• _GOAL OF THE EXERCISE_
Images are not part of the copy; transcribe all the data exactly.

*** Opening of SUPPLIED MATERIAL ***

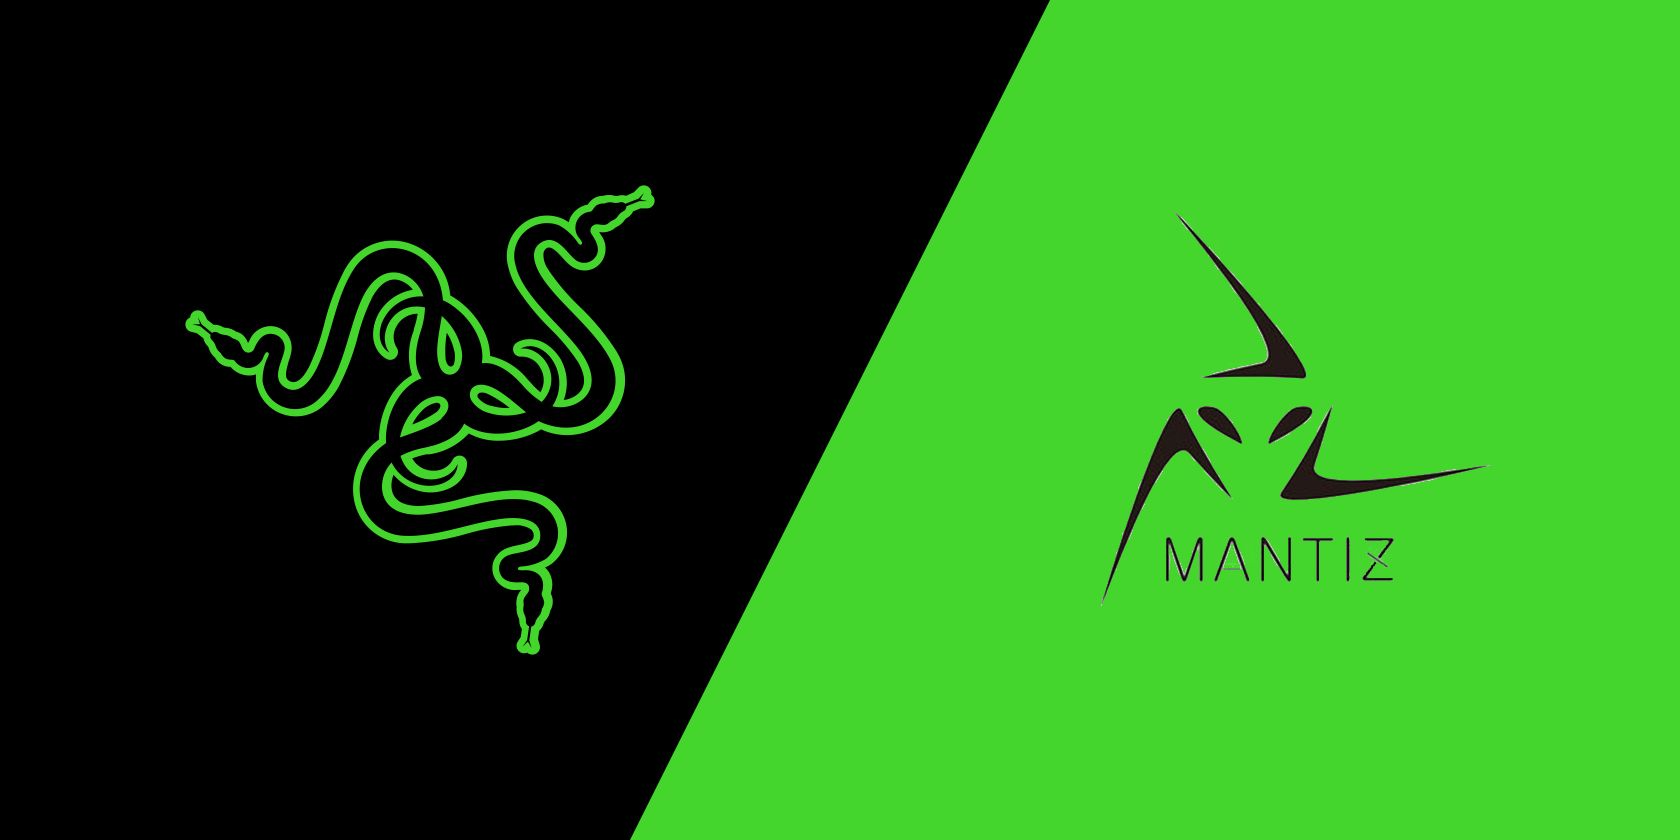 Razer and Mantiz logos side-by-side
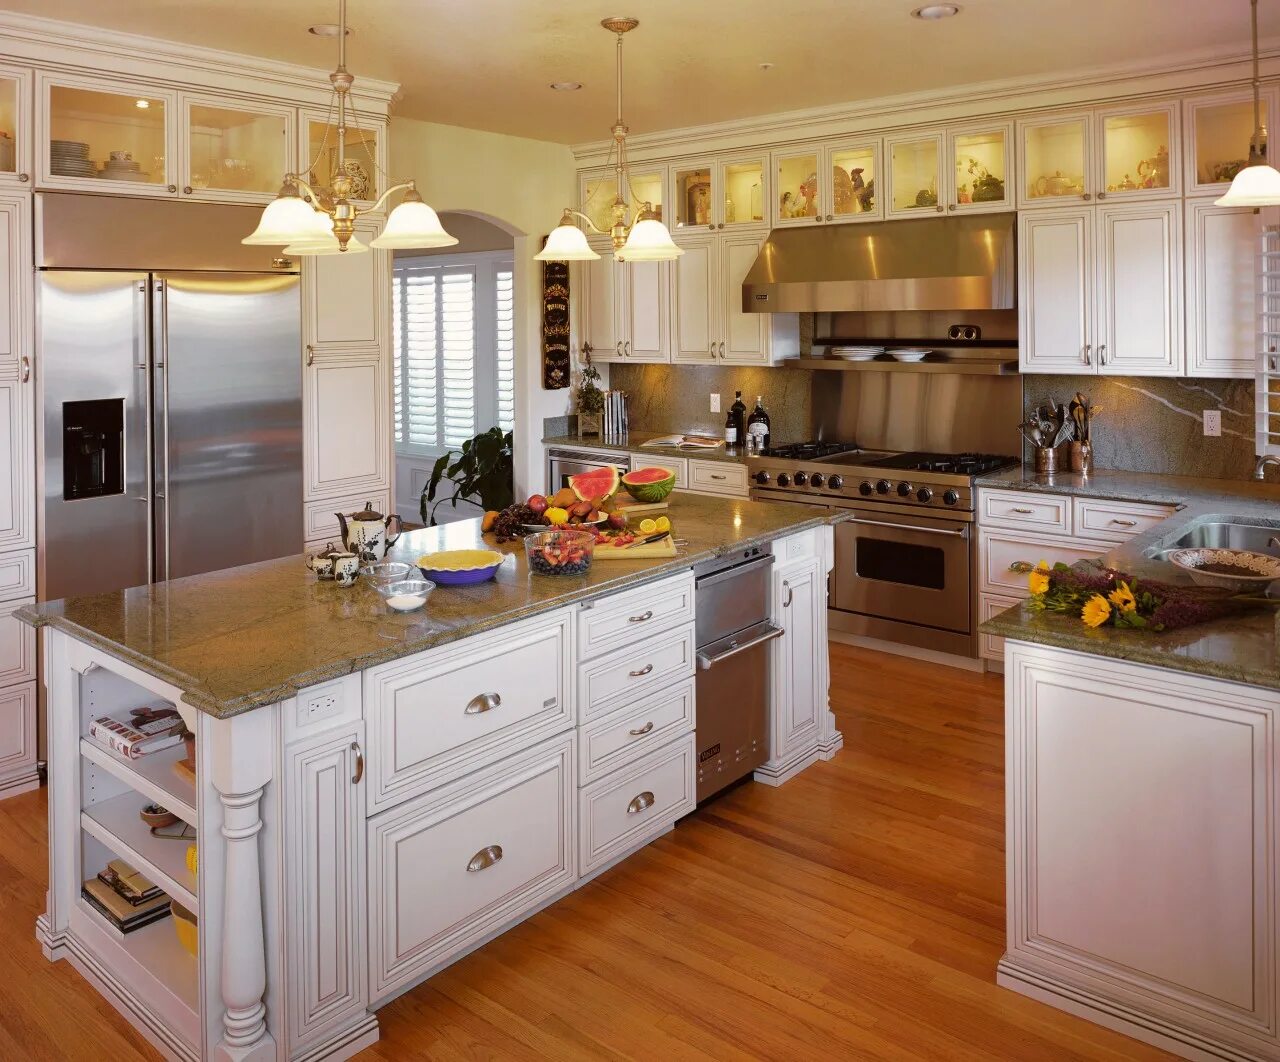 Кухонная комната. Комната кухня. Кухни разных цветов. Комнаты кухни зарубежные. Красивые комнаты кухни
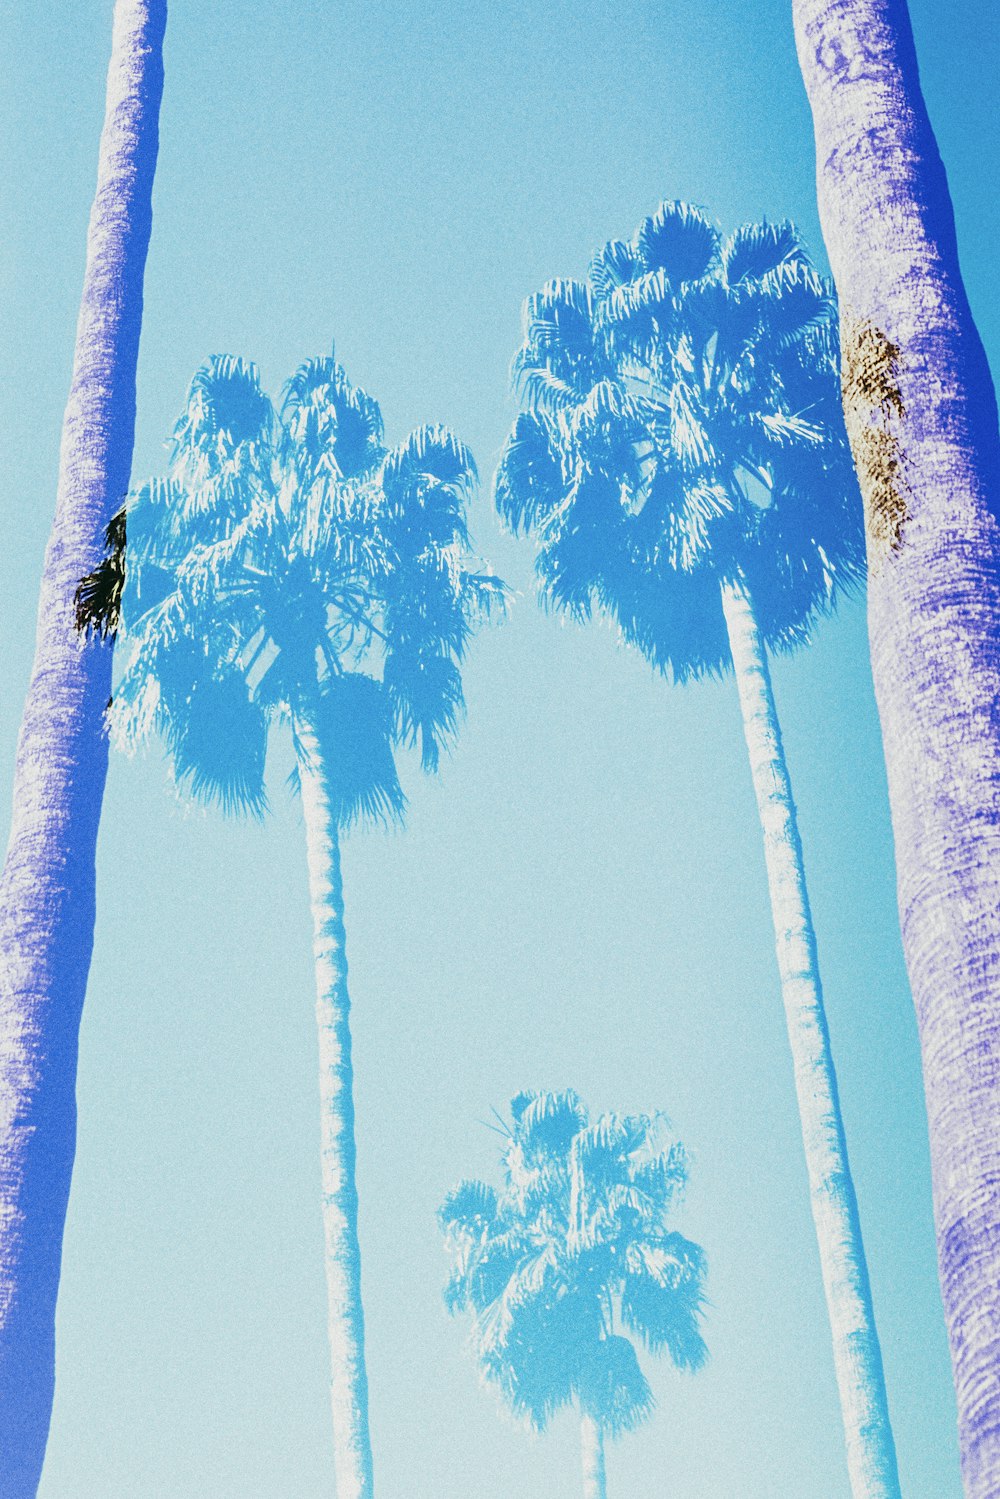 Photographie en contre-plongée de palmiers verts sous un ciel bleu pendant la journée
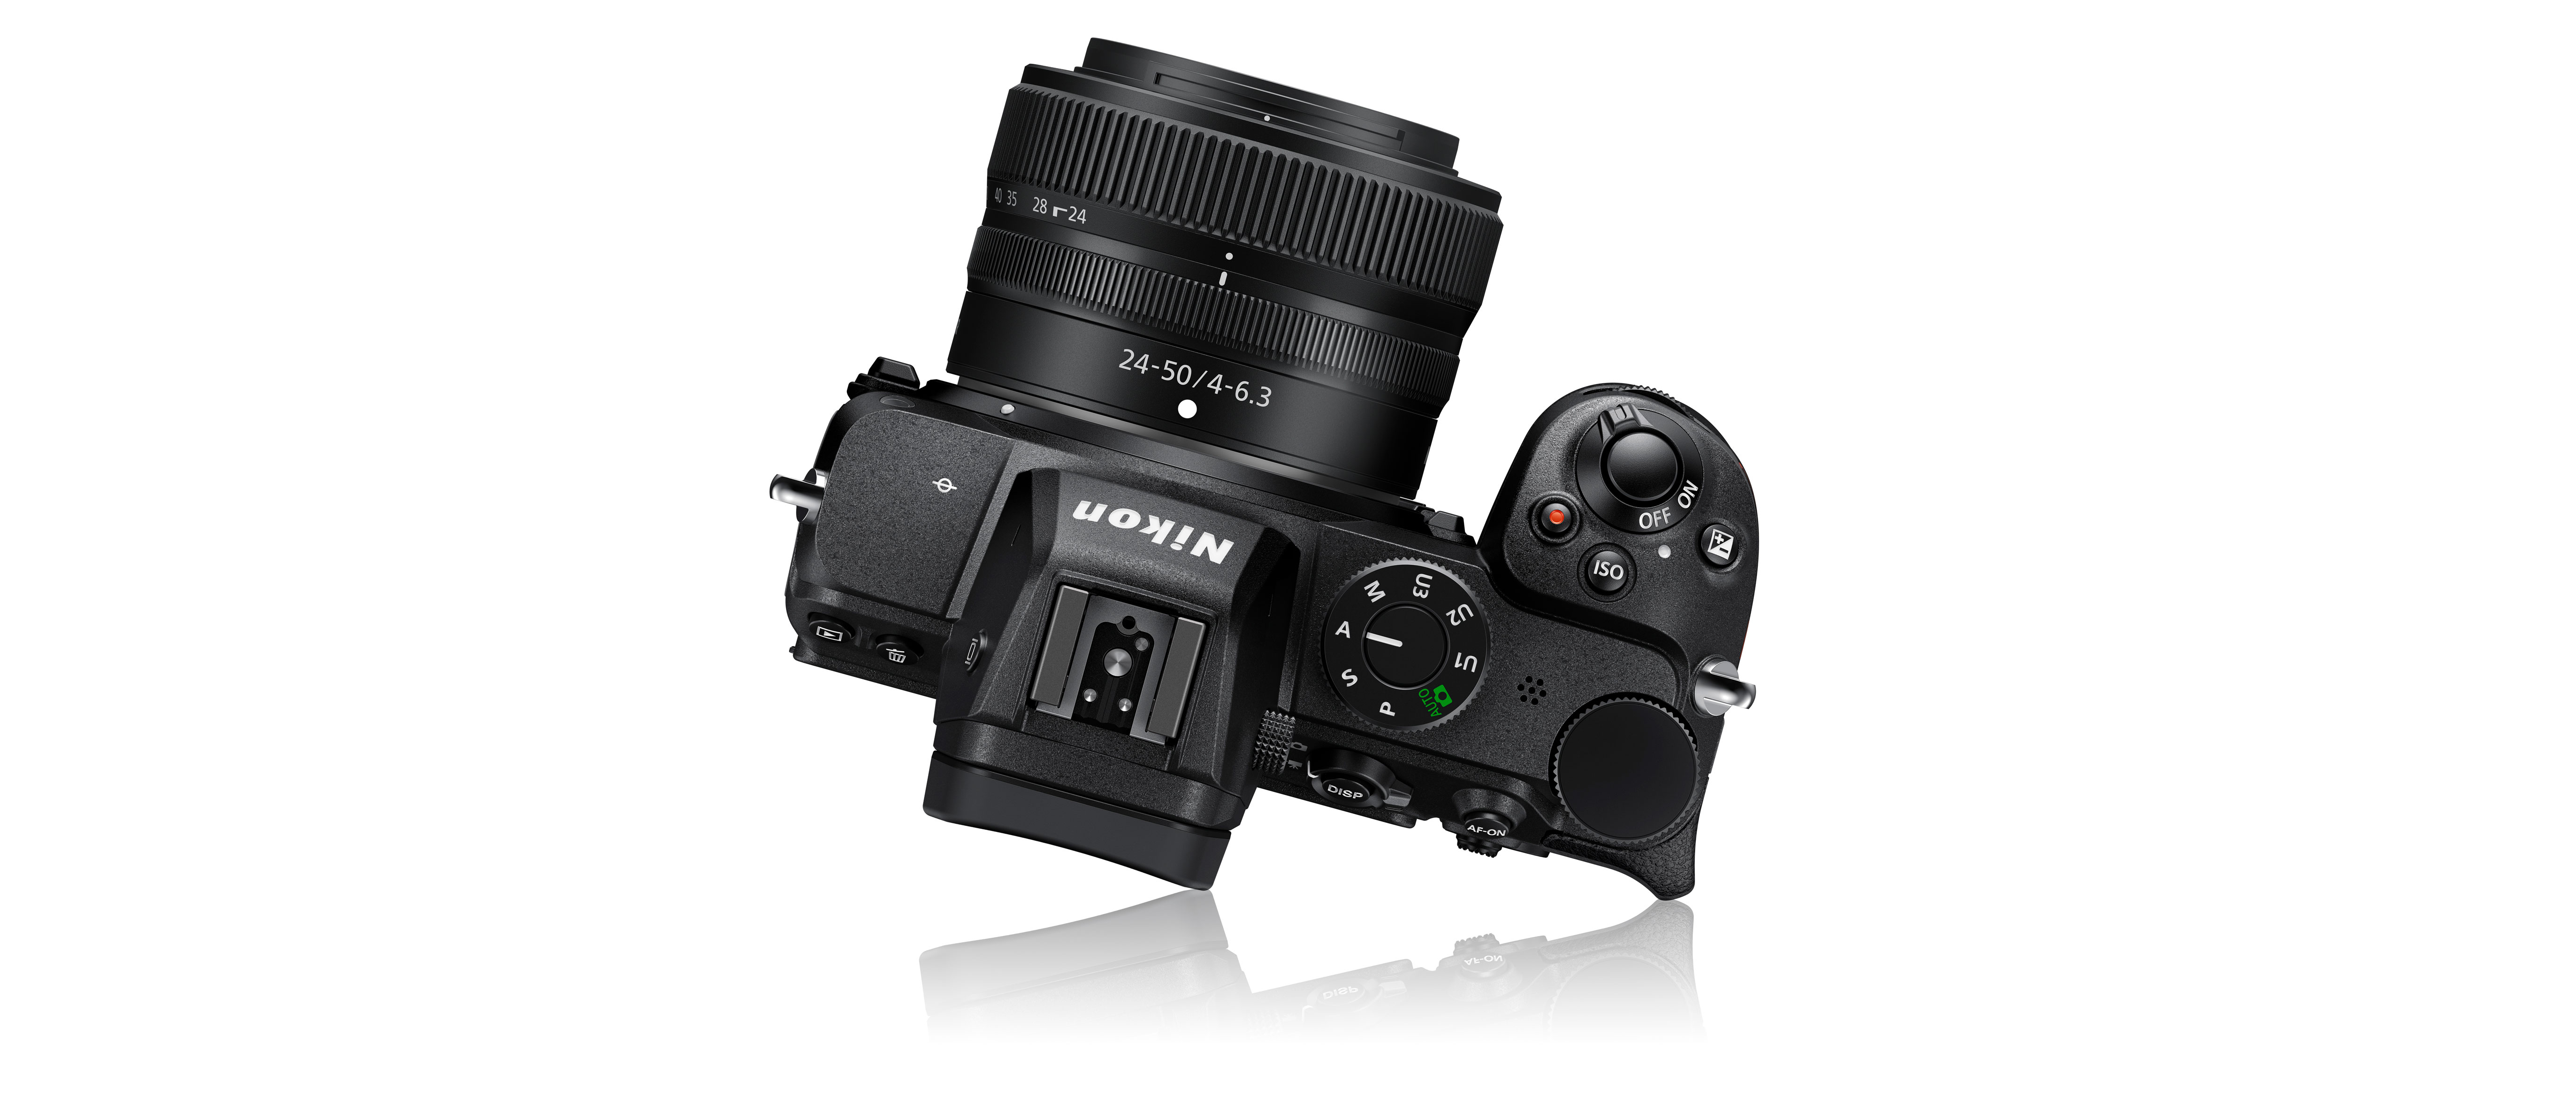 Nikkor Z 24-50mm f/4-6.3 review | Digital Camera World

*** Close of SUPPLIED MATERIAL ***

• _RESPONSE TO THE EXERCISE_
 Razer and Mantiz logos side-by-side
 Кухонная комната. Комната кухня. Кухни разных цветов. Комнаты кухни зарубежные. Красивые комнаты кухни
 Photographie en contre-plongée de palmiers verts sous un ciel bleu pendant la journée
 Nikkor Z 24-50mm f/4-6.3 review | Digital Camera World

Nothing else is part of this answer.